Ken Jee: Sam Altman’s trying to, he just made $7 trillion.

Wes McKinney: Yeah, yes, that’s right. So I think that that is like custom Silicon as part of the solution. You know, we have to worry about, I don’t know if it’s safe to talk about on this podcast, but you know, we have to worry about like, you know, the geopolitical risk around TSMC and like where are those chips going to get fabbed.

But yeah, I think, you know, the status quo where it’s like, you know, people are GPU poor and it’s like, just access to hardware, like that clearly has to change. And so it’s good people are working on it, but yeah, I’m optimistic about where things are going. So, you know, more hopeful than full dread, I would say.
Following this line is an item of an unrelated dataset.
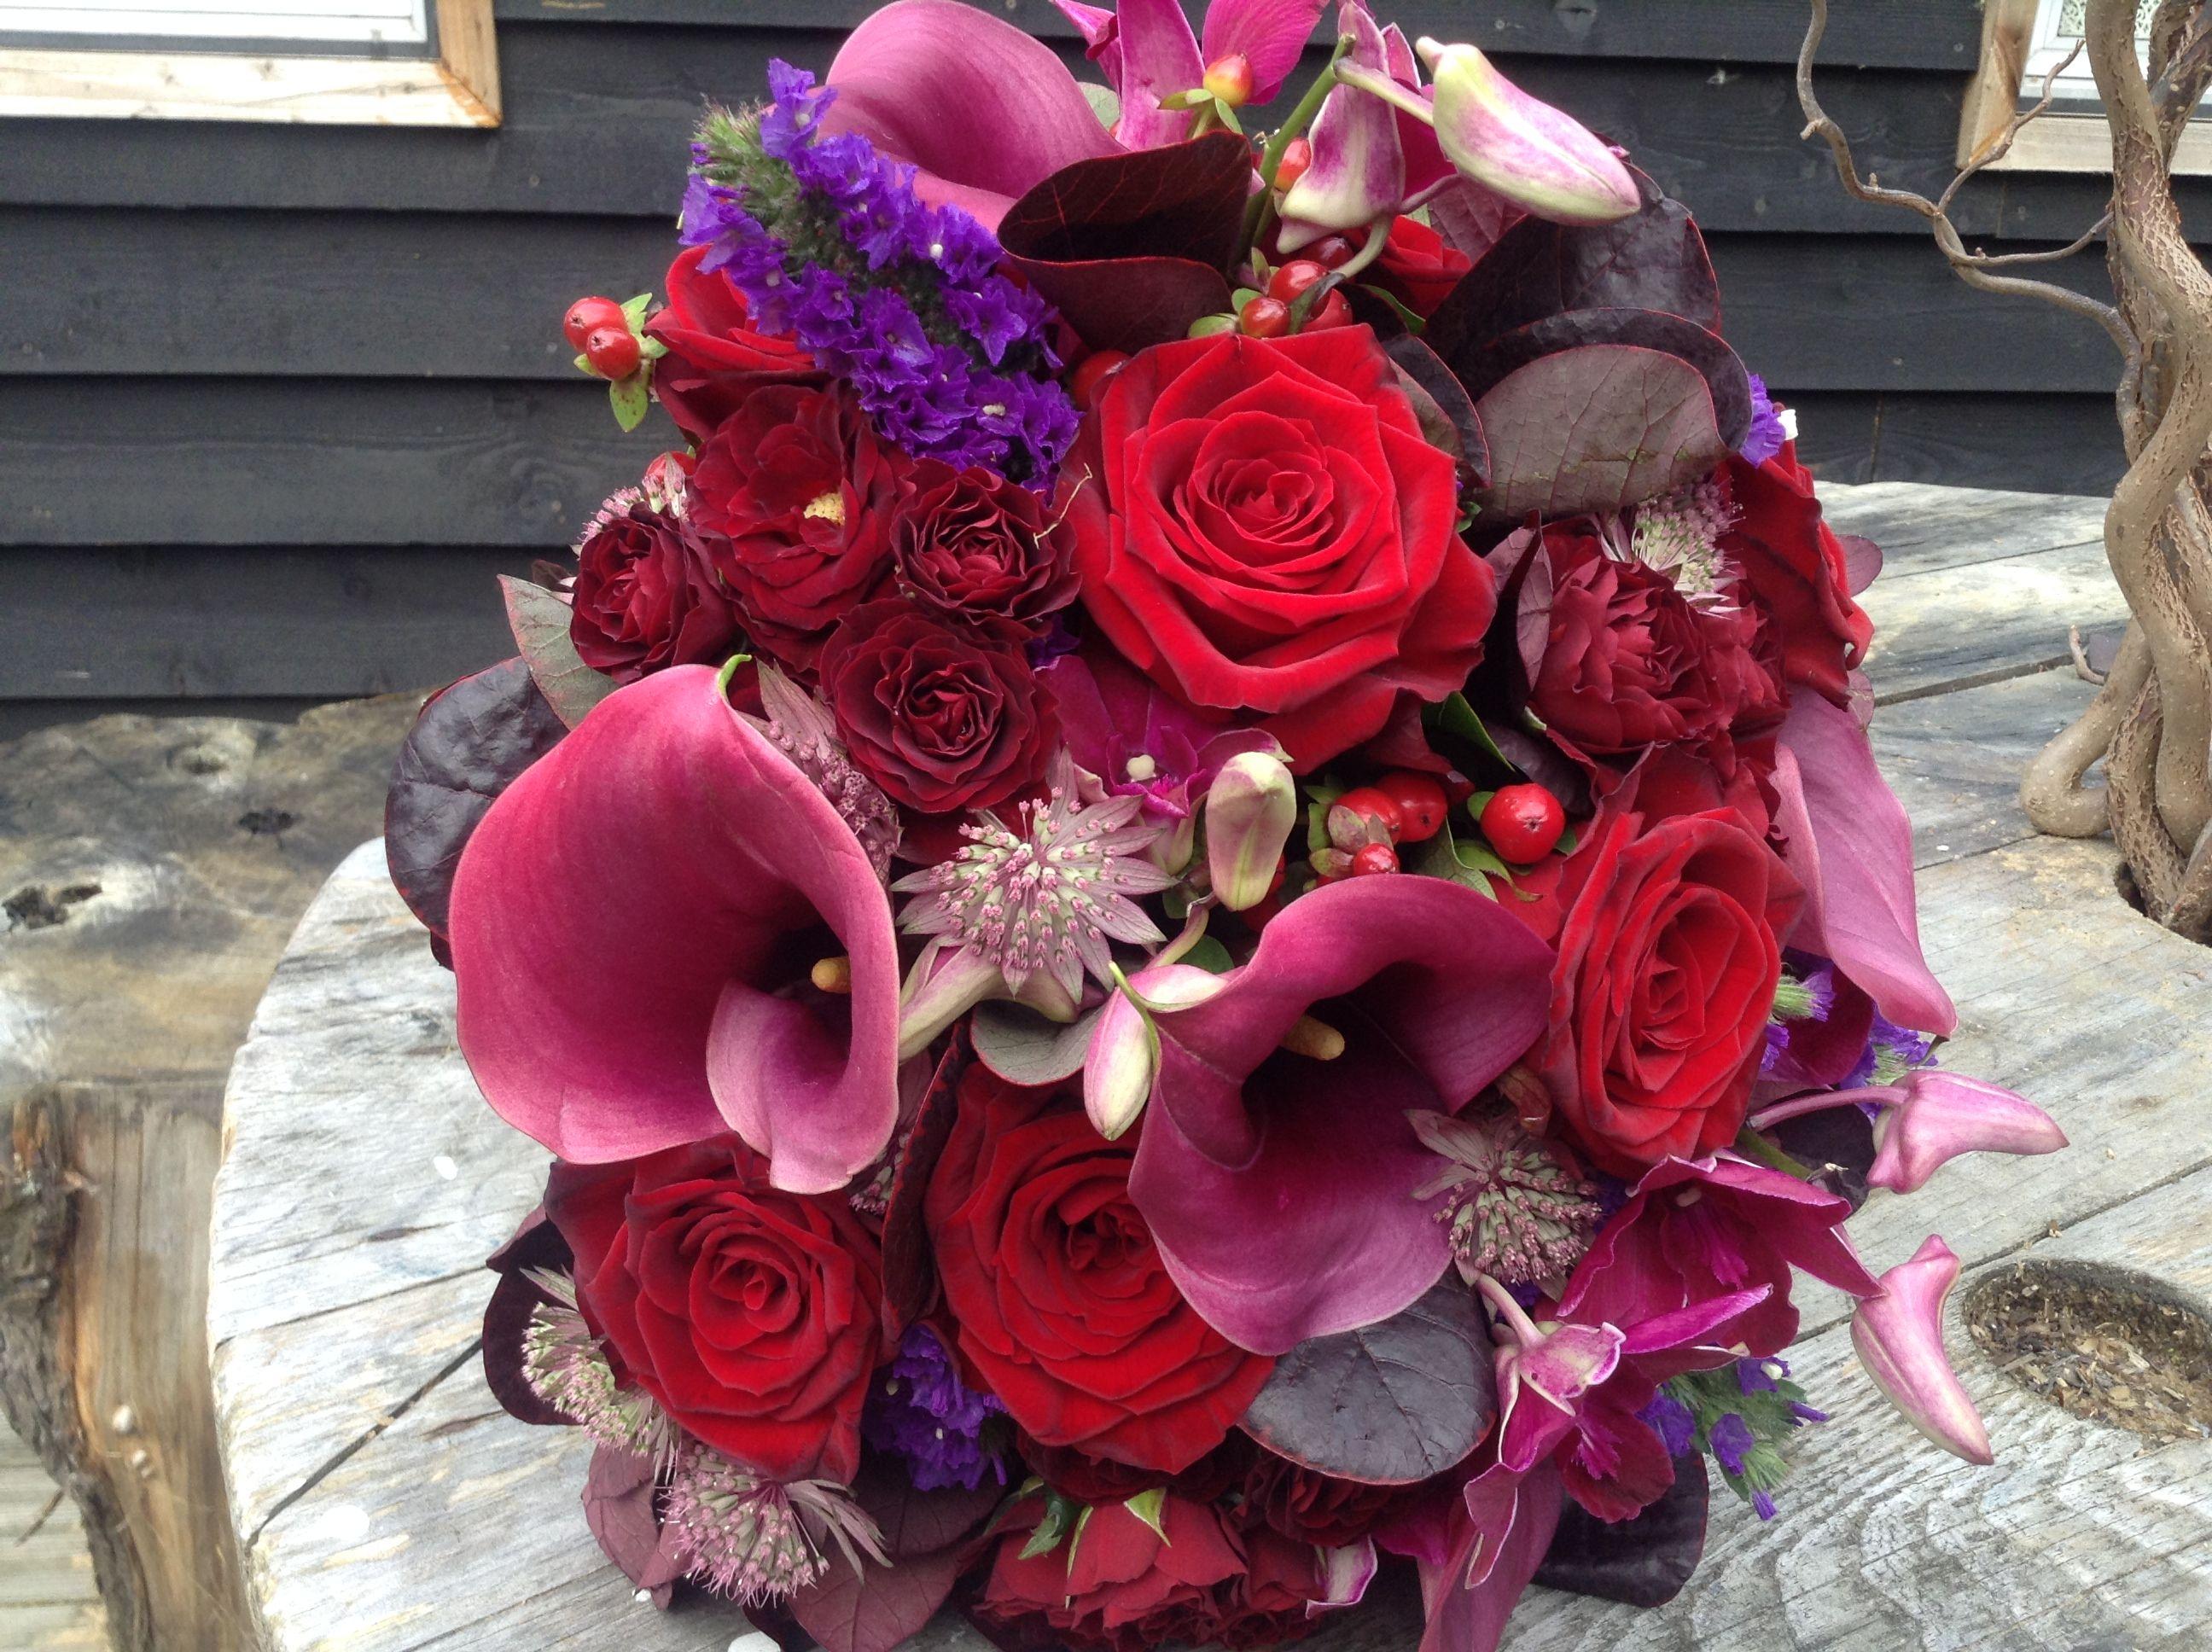 deep purple and red wedding flower bouquet. www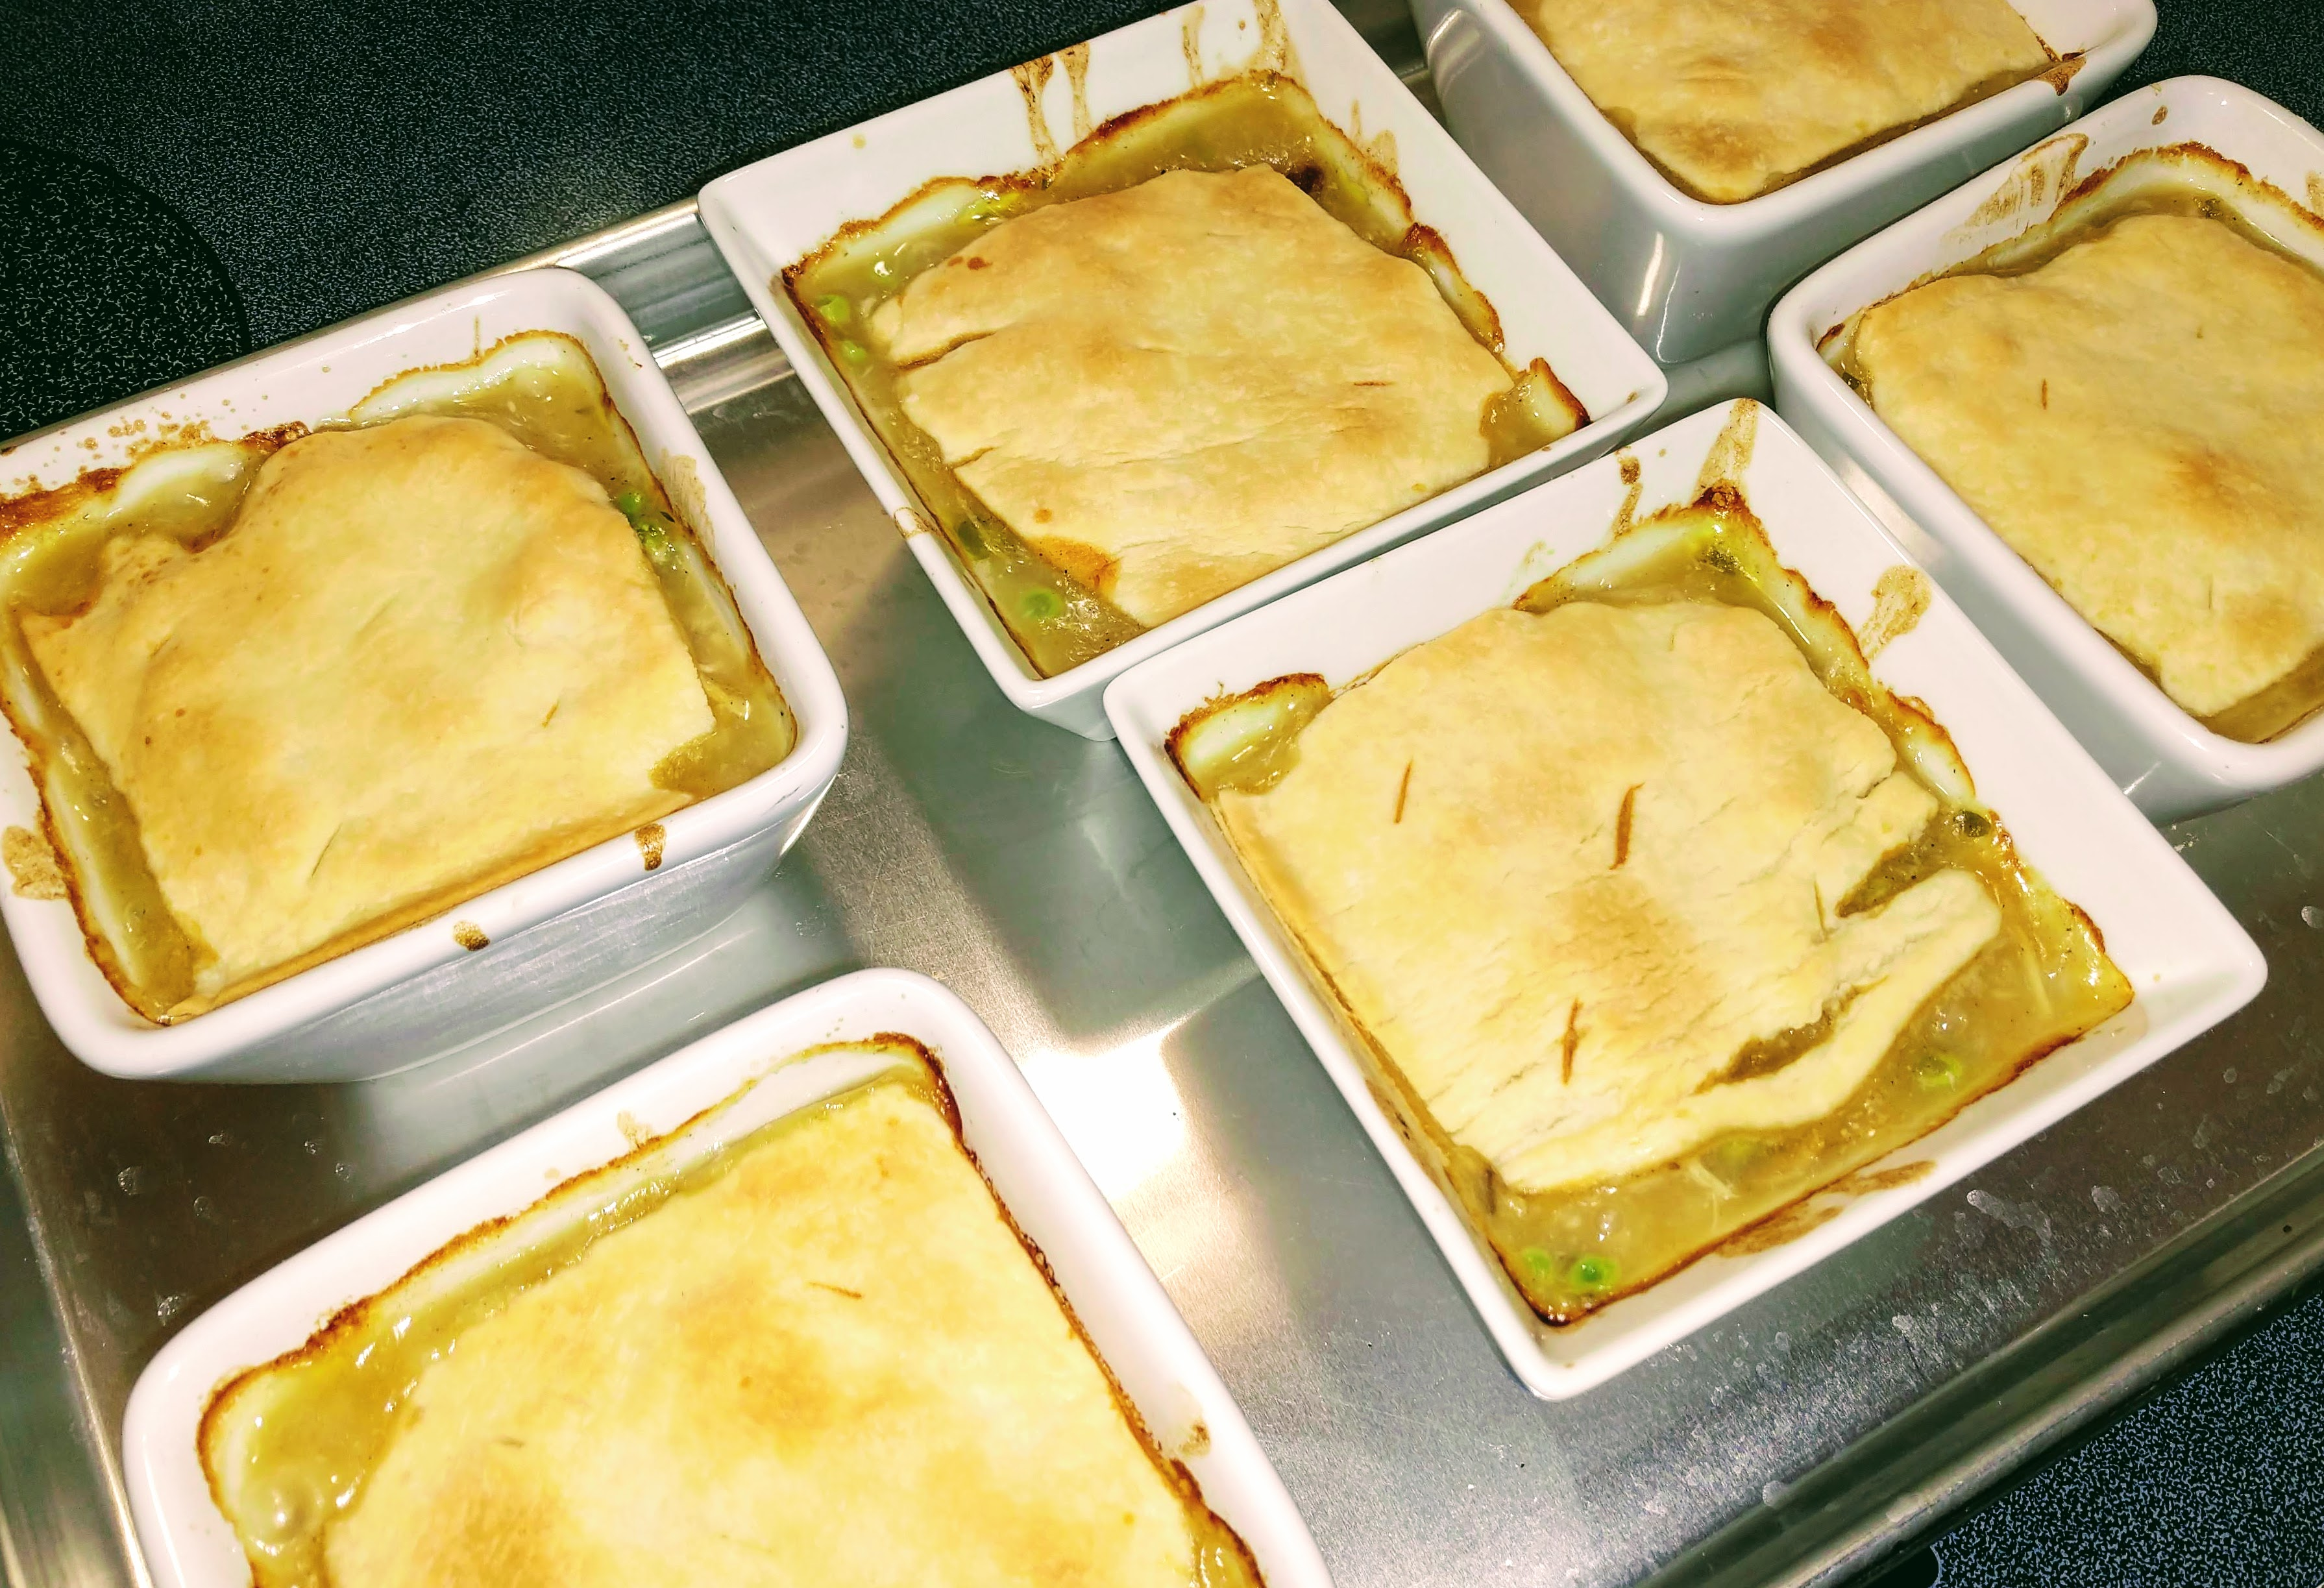 Catha's Individual Turkey Pot Pies

Ken Jee: Excellent. I think ending this on a hopeful note is really good. Wes, those are all my questions. Do you have any final thoughts, any words of wisdom?

Wes McKinney: No, I think it’s, you know, we’re in a really interesting time right now. I think, you know, the 2010s were pretty intense because we, you know, we went through this era of like making open source work in business and getting, and so now suddenly like the Python ecosystem and open source data science is now the incumbent and like just the, it’s like, of course we’re working in Python and building things in Python and like the language of AI and machine learning is all Python.

And so it’s great that we got all of that behind us because it used to be that we had to convince people why they should, you know, be willing to, you know, run their businesses on these, on this technology. So now I think, you know, moving on to how we can improve the, continue to improve the user experience, make things more efficient.

Like a lot of my work has been, we didn’t really get into it in this podcast too much, like a lot of my work more recently has been about kind of like modularizing and kind of helping, helping like with the, like horizontal integration, like having really specialized high quality components that solve different layers of the data stack. Similar to what’s happened with Silicon, like kind of Silicon manufacturing. It used to be that everything was very vertically integrated and now, you know, cutting edge Silicon manufacturing is very horizontally integrated.

And I think the same type of thing is happening with, with happening with data systems. And so projects I’m working on are oriented at helping with that, with that problem is how to get, you know, how to, and partially that’s like ending the language wars. It’s like, you know, this idea of like the shared, like the shared runtime, like a shared stack that we could use across all the programming languages where we get, you know, make a performance improvement, we make something faster, make something more scalable and we get that improvement everywhere.

So moving from, you know, more federated, fragmented ecosystem to one that’s more like working together and more focused on usability and user experience. I think we’re getting there, but it’s taken a lot of labor and a lot of time to make progress toward that. So, so I’m very excited about, yeah, what, what, what’s in store, you know, the rest of this, the rest of this decade. And yeah, I think I’m, I definitely feel like I’m in the right place to continue driving this work forward.

Ken Jee: Well, I’d love to continue that conversation in a later episode.

Wes McKinney: Sounds good.

Ken Jee: Thank you so much again for coming on.

Wes McKinney: Thanks for having me. It was a lot of fun.